Вудсайд уставился на свои ноги.
– Райерсон так и не пришел в себя после смерти жены. Не могу сказать почему. С некоторыми мужчинами такое бывает, но я не думал, что он из их числа. Мне казалось, они были не слишком близки, но со стороны многого не увидишь. Хорошенькая женщина, но неугомонная, ей никогда не сиделось на месте. Лично я на такую бы даже не посмотрел. Не имею ничего против глупышек… с ними порой даже легче, но откровенная дурочка – боже упаси. Мое терпение просто лопнуло бы.
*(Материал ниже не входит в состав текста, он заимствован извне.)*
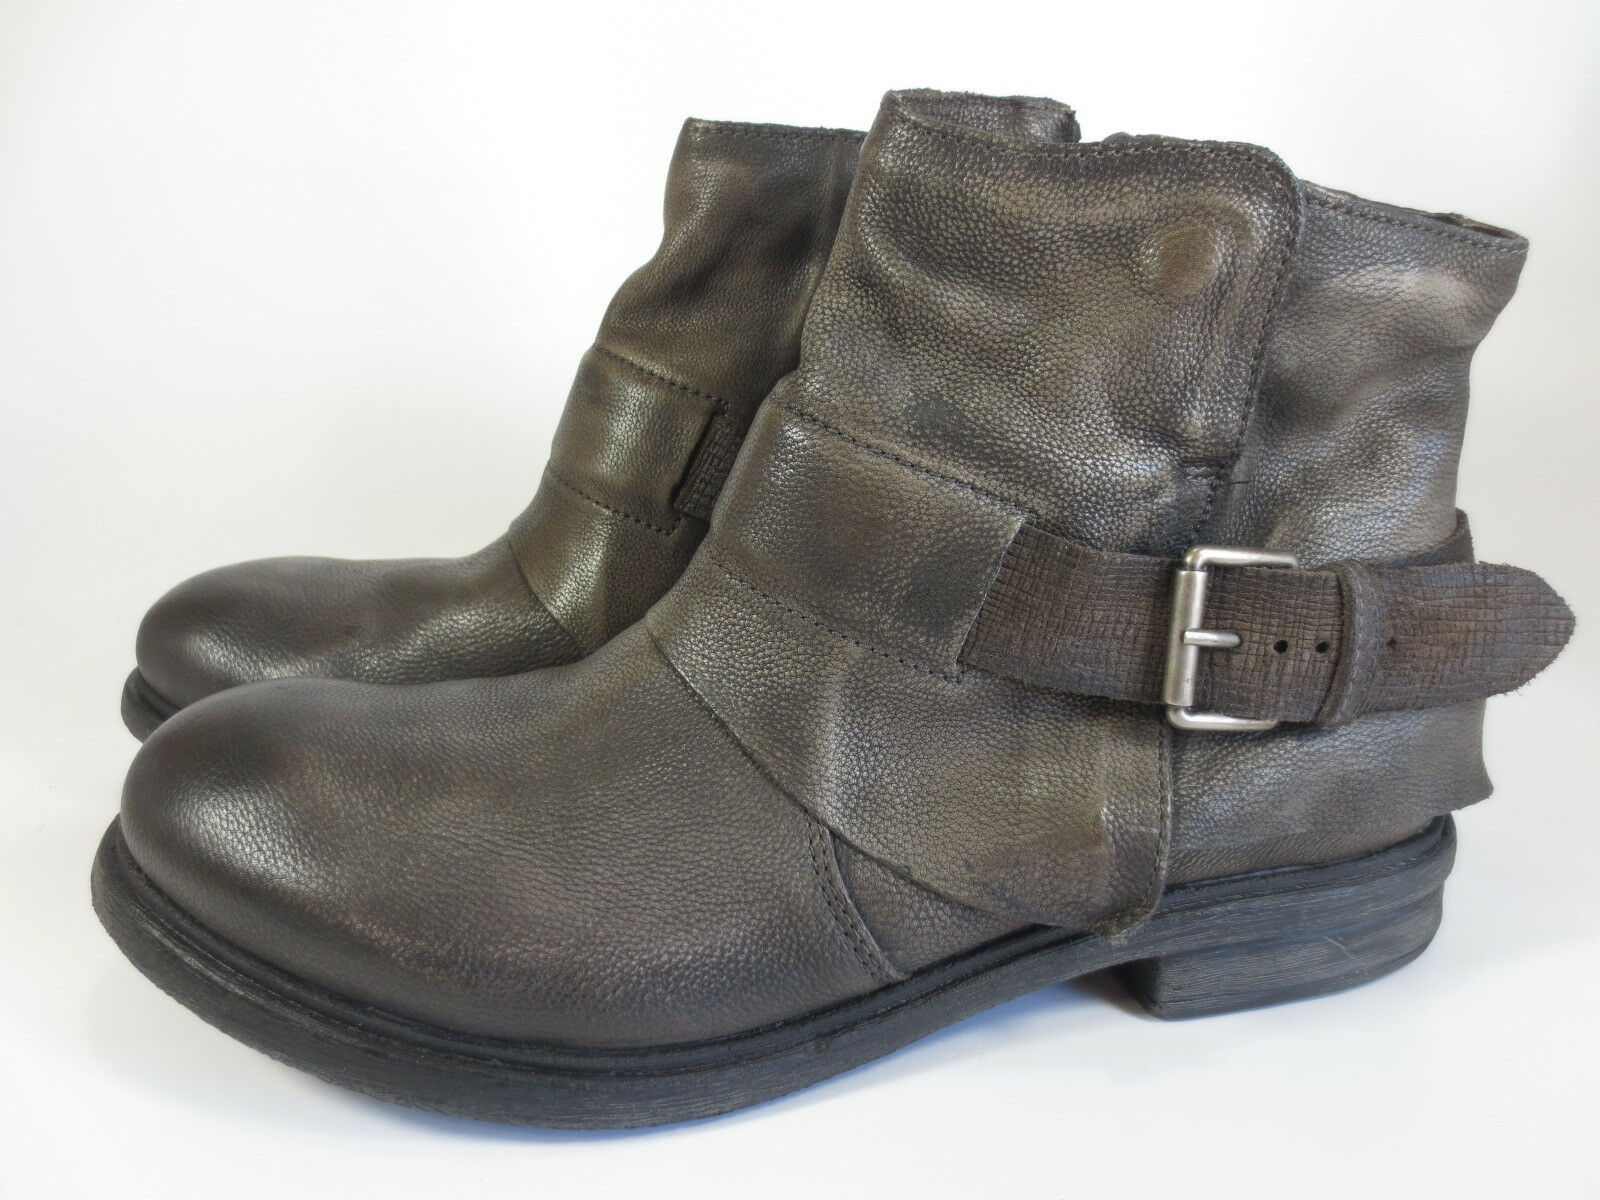 PETROLIO lässige Leder Schuhe Stiefel grau used Lederfutter Gr. 46 NEU 140,00
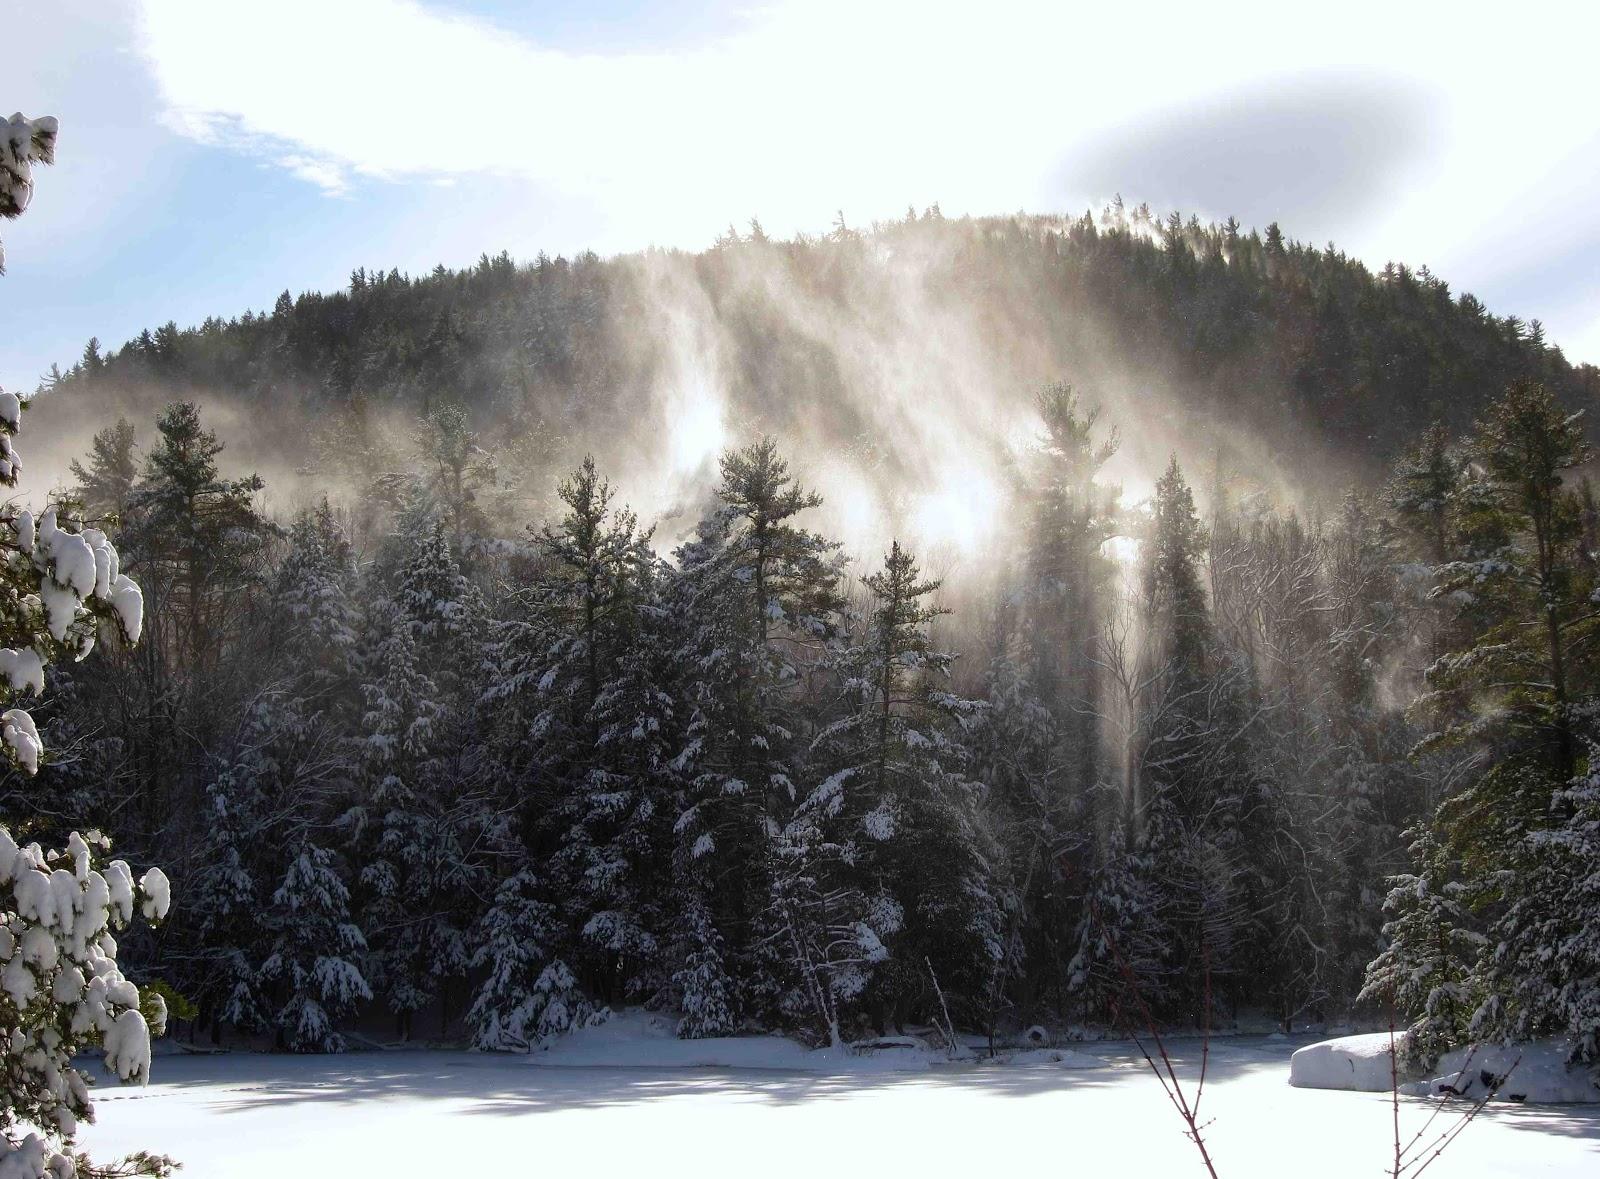 http://2.bp.blogspot.com/-8cOExhJhqHY/UODcQGPK-aI/AAAAAAAAPqA/TbqwFoocYlk/s1600/snowsmoke.jpg

Питт оторопел. Ему и в голову не могло прийти, что Сэвил Райерсон женится на женщине, начисто лишенной мозгов. Он попытался представить ее. Какой красавицей она должна была быть, чем могла так глубоко очаровать его, чтобы даже спустя четверть века он все еще скорбел по поводу ее смерти и отказывался жениться вторично?
– Она была очень… – начал он, однако тотчас поймал себя на том, что не знает, что хочет сказать.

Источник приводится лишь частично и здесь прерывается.